The Appeal Court found that the primary judge's starting point of four and a half years of imprisonment was not inconsistent with previous authority.
"It fell within the judge's sentencing discretion and was not manifestly excessive. The primary judge correctly held that the appellant had an extremely high level of culpability."
In addition, the reduction of two years for mitigating factors and suspension of two-thirds of the resulting sentence was generous to the appellant, stated the Court.
The appellant also contended that he had made full reparation to Ms Vaka because he had joined his parents in visiting her in hospital to apologise and to make her a gift of $200.
“The primary judge did not expressly address the question whether the appellant had shown remorse. Her Honour recorded that Ms Vaka had stated that it was the appellant's mother who visited her in hospital and given her $200. He accompanied his mother to the hospital.
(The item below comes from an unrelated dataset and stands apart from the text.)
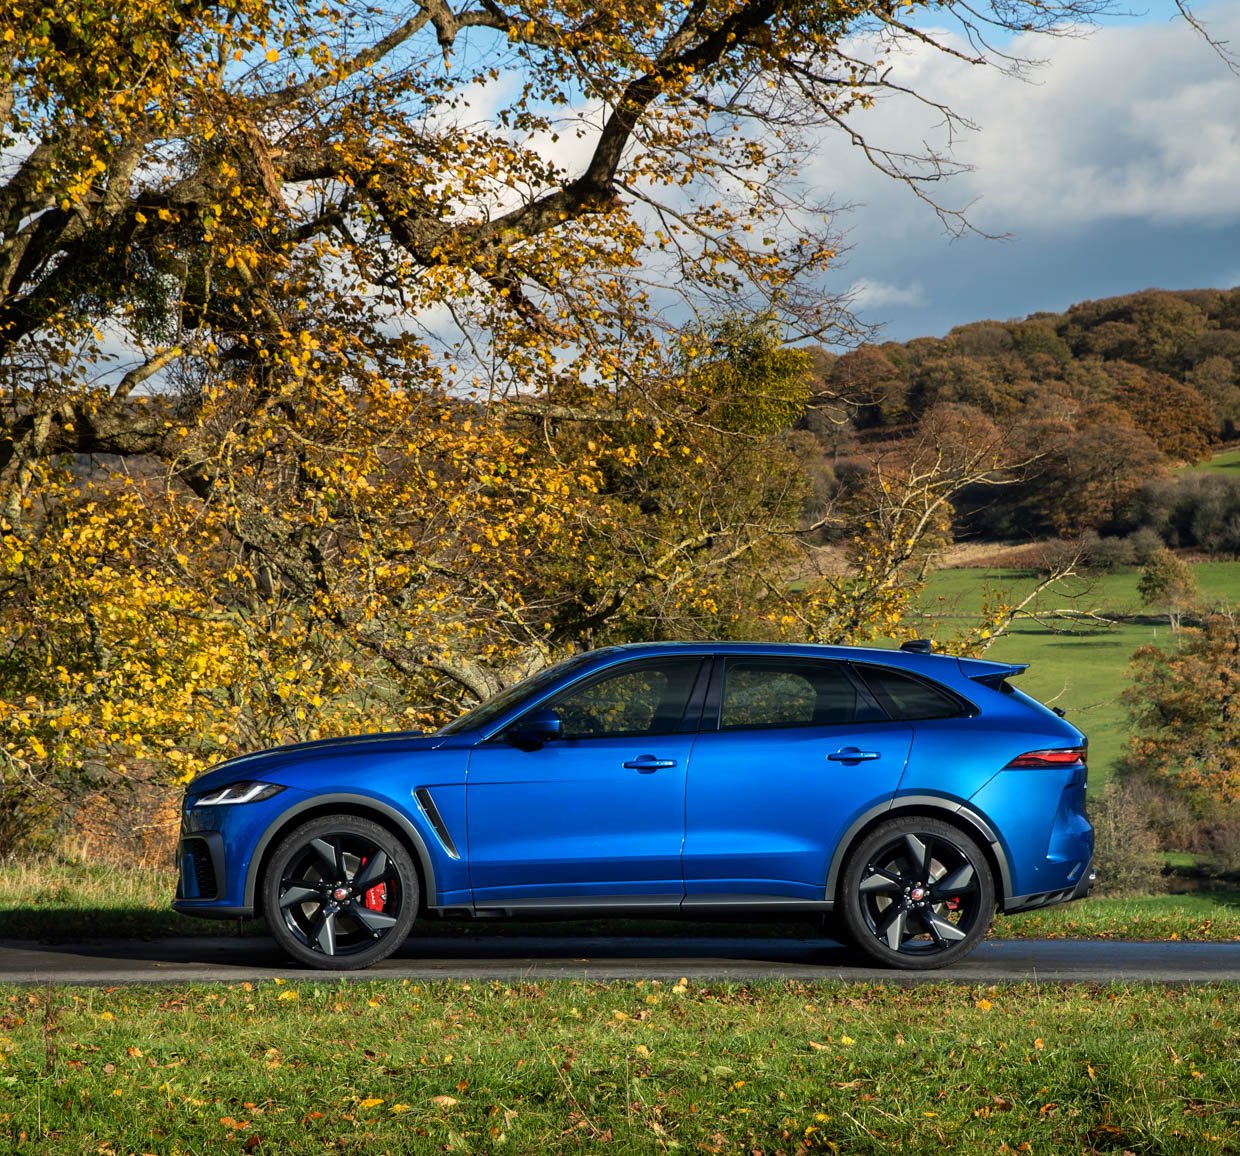 2021 Jaguar F-Pace SVR Does 0-to-60 in Just 3.8 Seconds

“Even if the appellant were remorseful and he apologised to Ms Vaka and personally made the gift of $200, that would not mean that he made full reparation,” stated the Appeal judges.
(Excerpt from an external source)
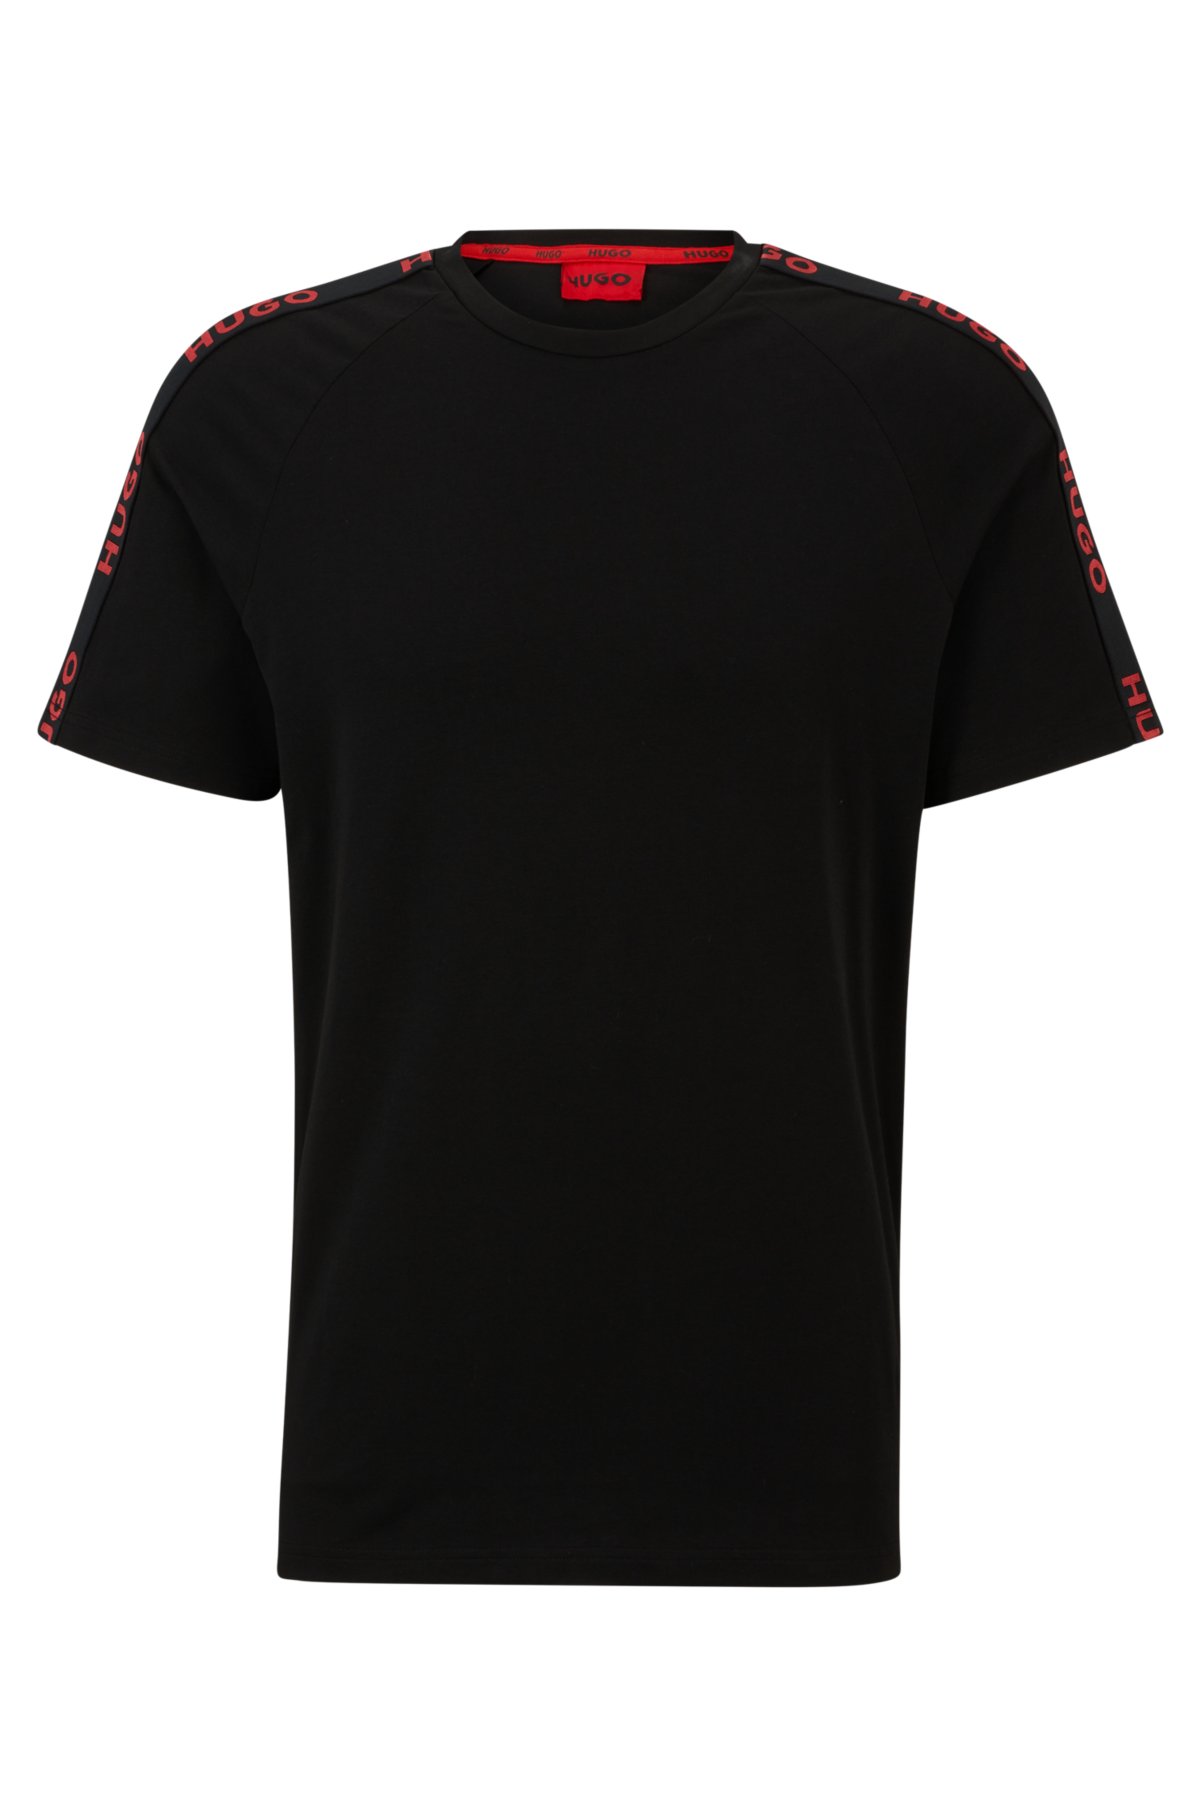 HUGO - Cropped T-shirt in stretch fabric with logo waistband

“Ms Vaka was hospitalised for about two months during which time her family incurred expenses to provide her with food and care. After her discharge from hospital she was bedridden for two months, after she attempted to walk again. She continued to suffer disability. $200 was not full reparation. The ground of appeal that the appellant made full reparation should be rejected.”
The Appeal Court also determined that the primary judge did not expressly refer to these matters as factors in mitigation.
“We do not conclude that her Honour failed to consider them. Even if she failed to do so, that would not warrant a further reduction in sentence. As indicated above, the primary judge's discount of two years in mitigation was generous having regard to all mitigating factors. For these reasons the appeal was dismissed,” ruled the Appeal Court.